Almost all wood sourcing for acoustic guitars involves some combination of:
- environmental destruction (to fell the wood)
- government corruption (to export the wood)
- international crime (to sell the wood to domestic wholesalers)
The ethical choice of woods is a very complicated topic. This is my brief take on it as a way in.
I think there’s a place for a long, fully-detailed exposition about why most woods used on most guitars are ethically questionable, at the very least. There are endless exposés about the violent gangs stealing old-growth wood from ancient rain forests, about decades of governmental corruption involved in felling and export licenses, and about the role that all this timber plays in the economies of international crime. I think it’s great to learn as much as possible about these particularities. But I don’t think it’s necessary. The basic truth is short and simple. (See above.)
A lot of wood involves all three wrongs. Is it a tropical wood? Then that’s most likely the category you’re in. Honduran rosewood? Guatemalan mahogany? Essentially any wood from Africa: African blackwood, ebony, sapele, sipo,? Cocobolo, ziricote, Malaysian blackwood, Madagascar rosewood? You’re getting a three-for-one there. You’re spending your money to send a strong market signal that it’s ok to destroy forests essential for our survival as a species and then pay off government officials to sidestep the almost useless international regulations we have in place to prevent this and then put money in the pockets of international crime organizations to deliver the stuff to a wholesaler who can then “ignorantly” sell that wood with all the right certificates. This is an open secret throughout the industry.
Except, I think that’s a big part of the problem. Everyone in the supply chain knows. But the customers are kept in the dark. It’s a lot like the meat industry. How many of us would happily chow down on a burger if we first had to watch even five minutes of film footage showing the process that led to our meal? Kind of ruins your appetite, no?
I think the issue is relatively simple, truth be told. Almost all guitar woods support three forms of moral injustice. Involvement in just one of them would put me off their use. I don’t need fancy arguments or mountains of proof; my basic moral intuition is more than enough.
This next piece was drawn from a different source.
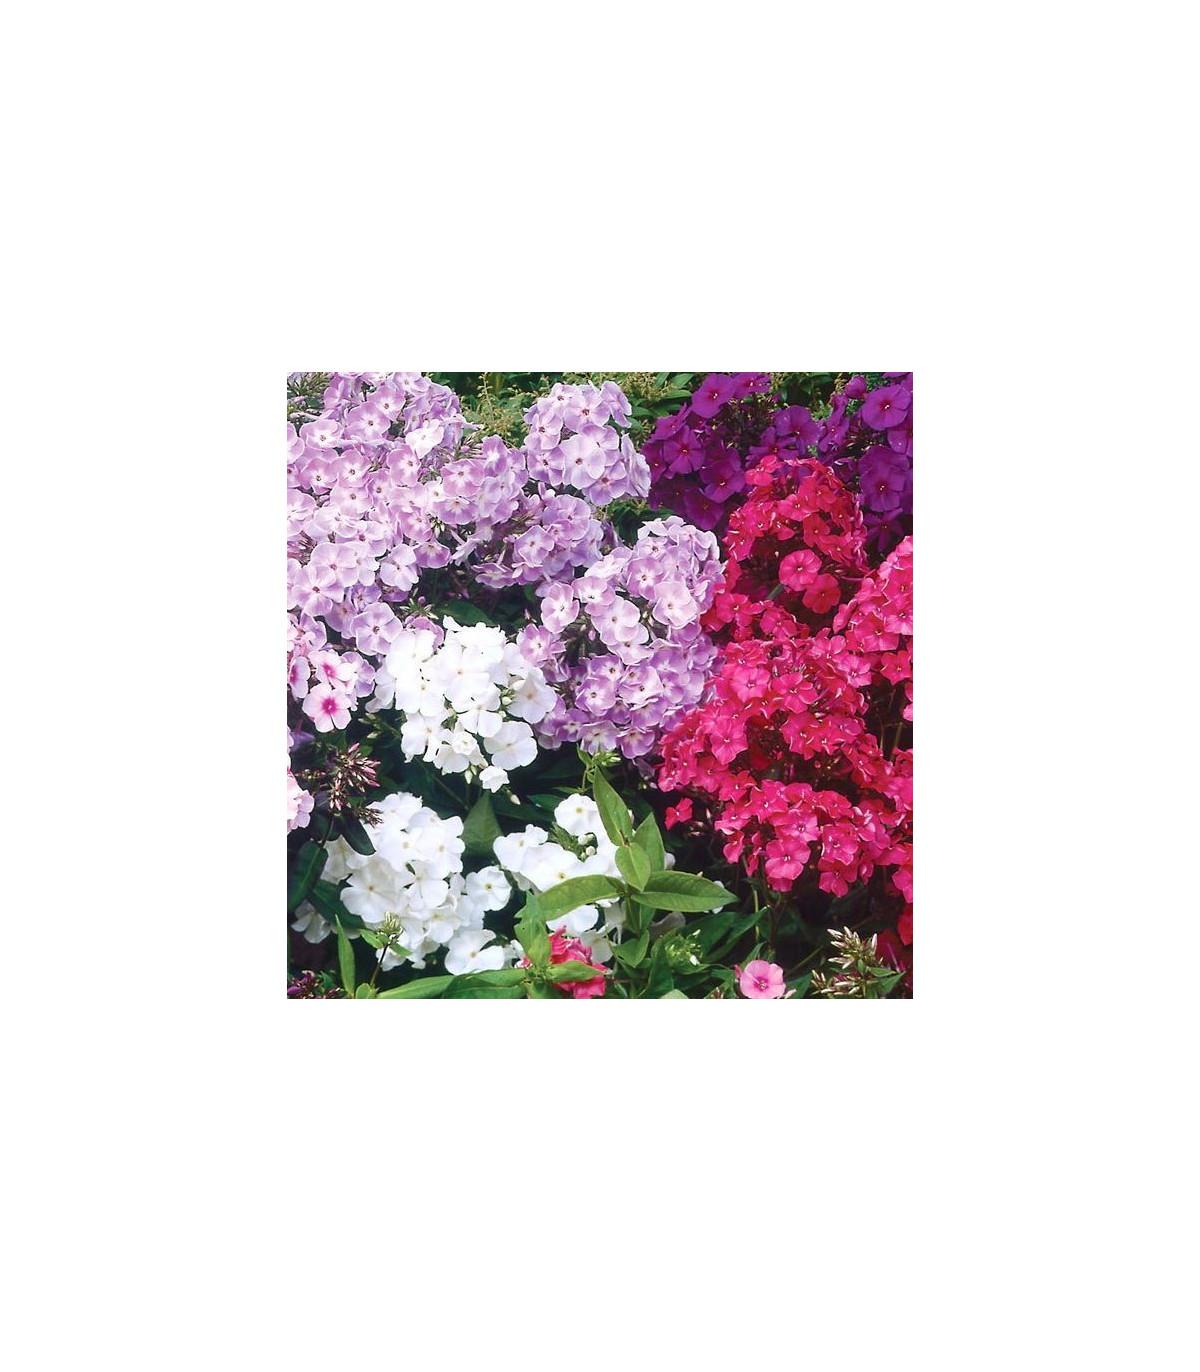 Plaménka latnatá - směs barev  - Phlox paniculata grandiflora - osivo plaménky - 15 ks
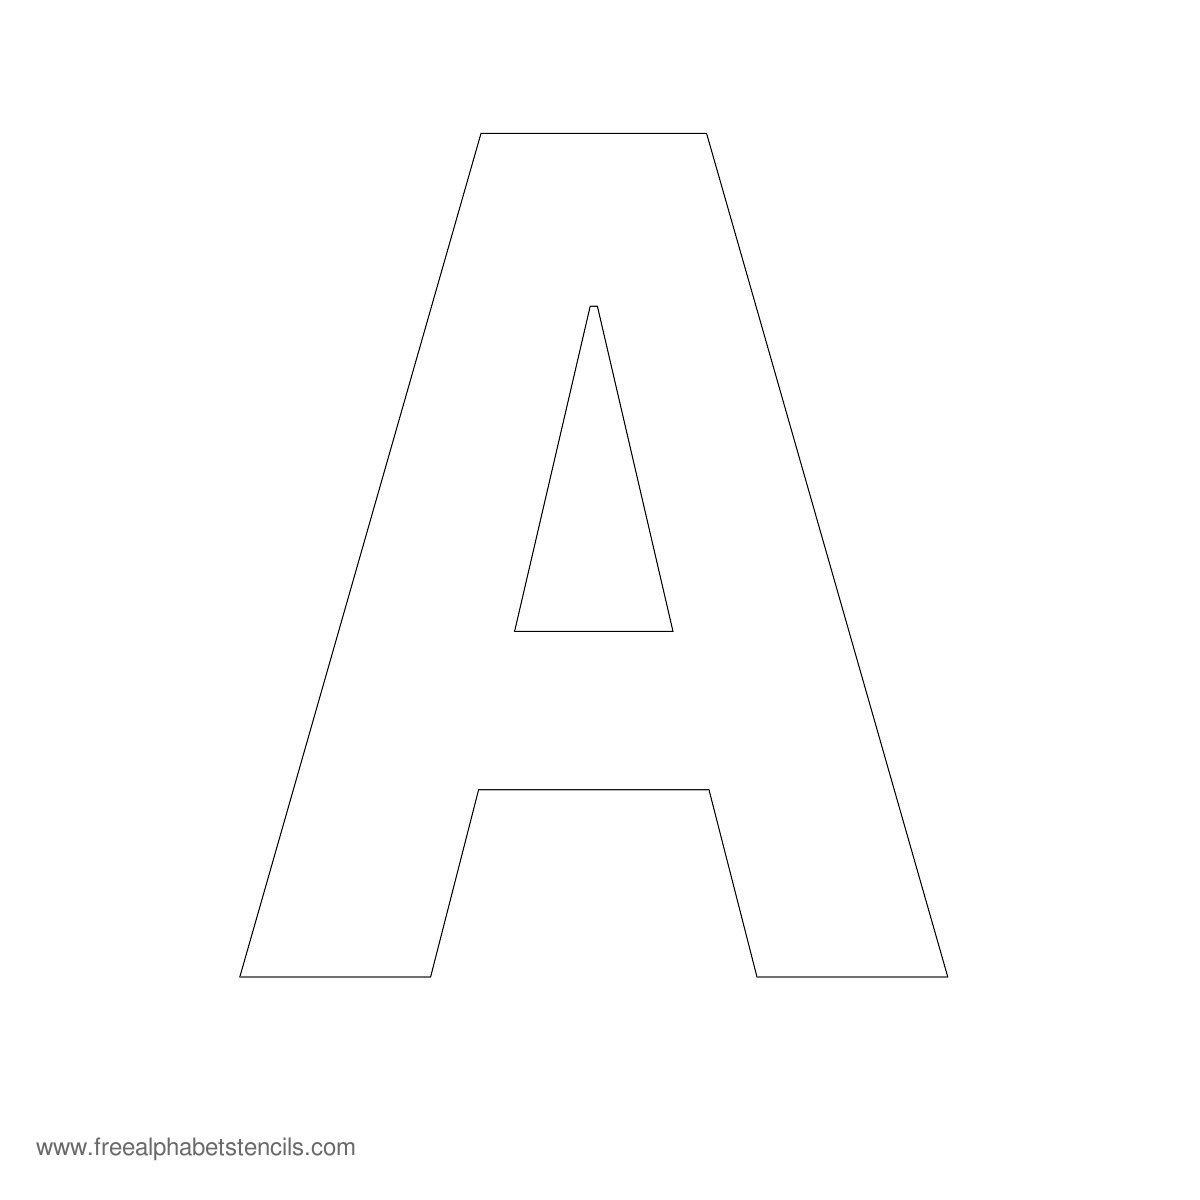 Large Alphabet Stencils | Freealphabetstencils - Free Printable Alphabet Templates

So, what to do? For me the answer is threefold. One, very carefully source every wood that comes into the shop. If I can’t figure out where it came from, then I likely don’t want to know. Two, avoid the use of almost all tropical woods, because of reason number one. With a couple notable exceptions such as ebony from Crelicam or Indian rosewood that come through the export regime of the Indian government itself, you’ll never really know what you’re getting. Three, use domestic woods that you think have the least environmental impact possible.